When the rumors began circulating around this release I was less than enthused. Word on the street was that each song would be upwards of six minutes long and would feature many of the oddities that made 808′s and Heartbreaks weak. While Kanye West spent most of the Fall 2010 releasing songs from the upcoming album completely free on his website, the buzz couldn’t be stopped. If this album was good or bad, it was going to make a huge splash when it came out Thanksgiving week. It did just that and despite the length tracks, it combines the best of Graduation and 808′s into the perfect balance of weird Kanye and the genius rapper Kanye.

The massive collaborations on this album seemed to work in West’s favor. Over the past few years, the hip-hop scene has had dozens of cut and paste jobs by big names in order to bulster another artist (can you say Snoop Dog in “California Girls?”). What made sense for West in My Beautiful Dark Twisted Fantasy is that each of the cameos fits. The Kid Cudi appearance on “Gorgeous” feels like a Cudi song, instead of like a West song with a Cudi “insert here” job.

Ironically, one of my favorite songs on the album (and possibly one of my favorites of West’s career) is the leadoff batter, “Dark Fantasy.” True with most of the album, West and a group of superstar producers sampled lot’s of classics in the album. “Dark Fantasy” features Mike Oldfield’s “In High Places” which provides the more than catchy hook in the chorus. The song is built around this catchy jingle but still has enough originality to work on its own.

The best part of the album is that Kanye West is performing that part of multi-platinum rapper instead of tortured artist. He lets go and goes back to what made him a household name in the first place.
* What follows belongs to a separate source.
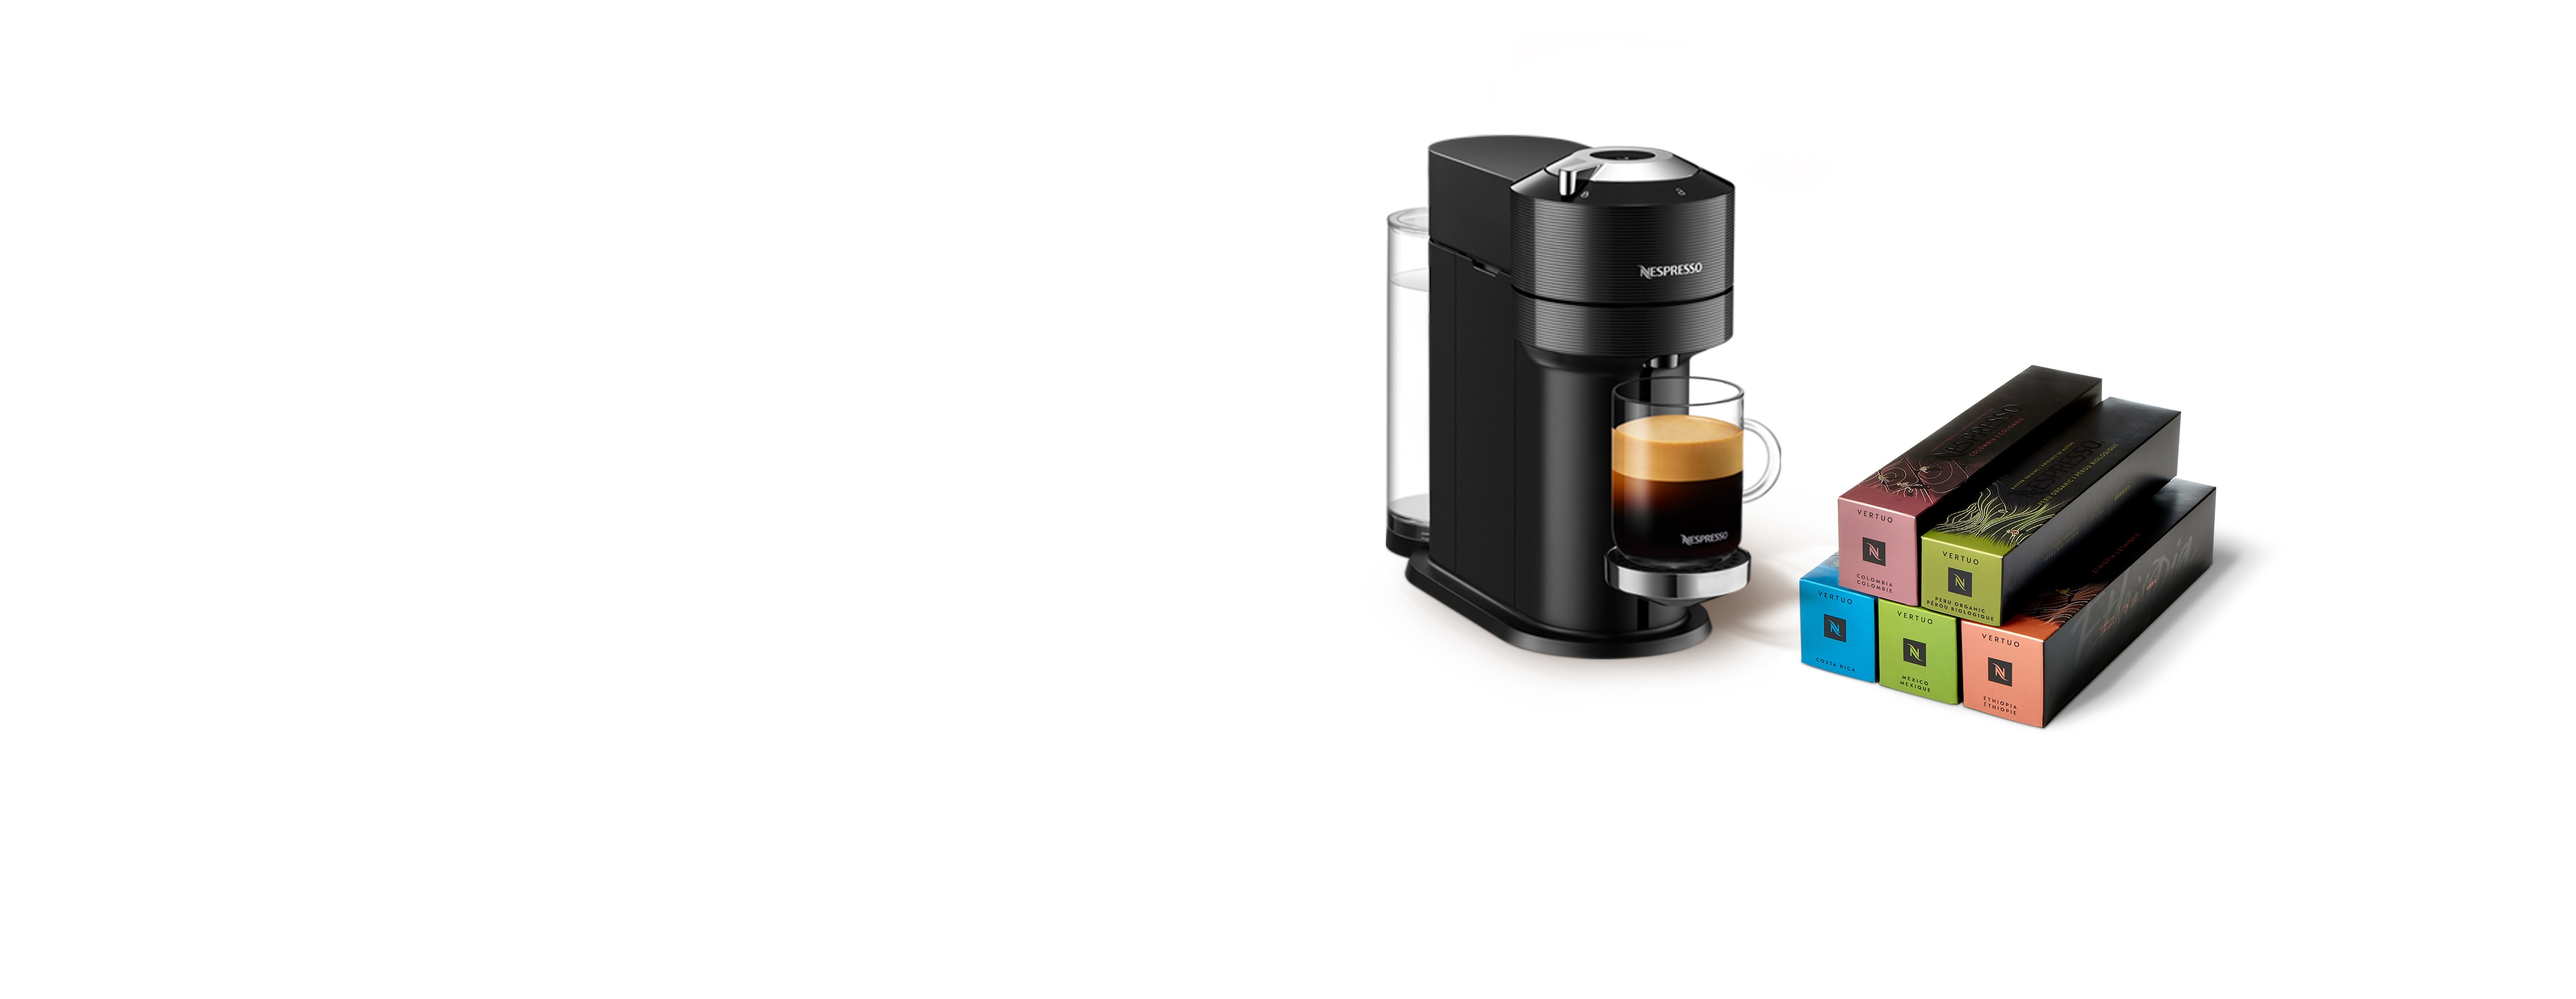 Vertuo Next Premium black with Master Origins coffee pack

No one thought, “oh wow, this “Jesus Walks” song has some really good singing by this Kanye West guy.” We wanted a rap album after the ridiculous attempt at singing in 808′s. As simple as this concept is, a song like “Power” right at the beginning opens with a rap by West and puts a definitive smile on the listeners face. You quickly think to yourself: “I remember when he sounded like this.” It’s a great feeling.

Even the little musical interludes aren’t weird. They help to build hype for the next song instead of continuing into what becomes a drawn out song of pure boredom (remember “Welcome To Heartbreak?”). Rihanna’s hook in “All Of The Lights” is incredible and it wouldn’t shock me to see this song as a late album single. In addtion to Rihanna, the song also features smaller vocal performances from Alicia Keys, John Legend, The-Dream, Fergie, Kid Cudi, Elton John, Ryan Leslie, Charlie Wilson, Tony Williams and Elly Jackson. I’m not sure I was able to pick all of them out but Keys has a great moment in the breakdown.

Something that shocked me about the album is how little I was offended by the length of the songs. Even the longest song on the album “Blame Game” which stretches nearly eight minutes long is really solid. Featuring John Legend, it has the same feel of “Big Brother” from Graduation. The entire album, I was thinking that the remnants of 808′s would eventually show their face. On the second to last track (the last full length track) it did just that. The opening to “Lost In The World” brings the infamous autotune back into the picture. It does progress from there but the song is stained with West’s failed experiment.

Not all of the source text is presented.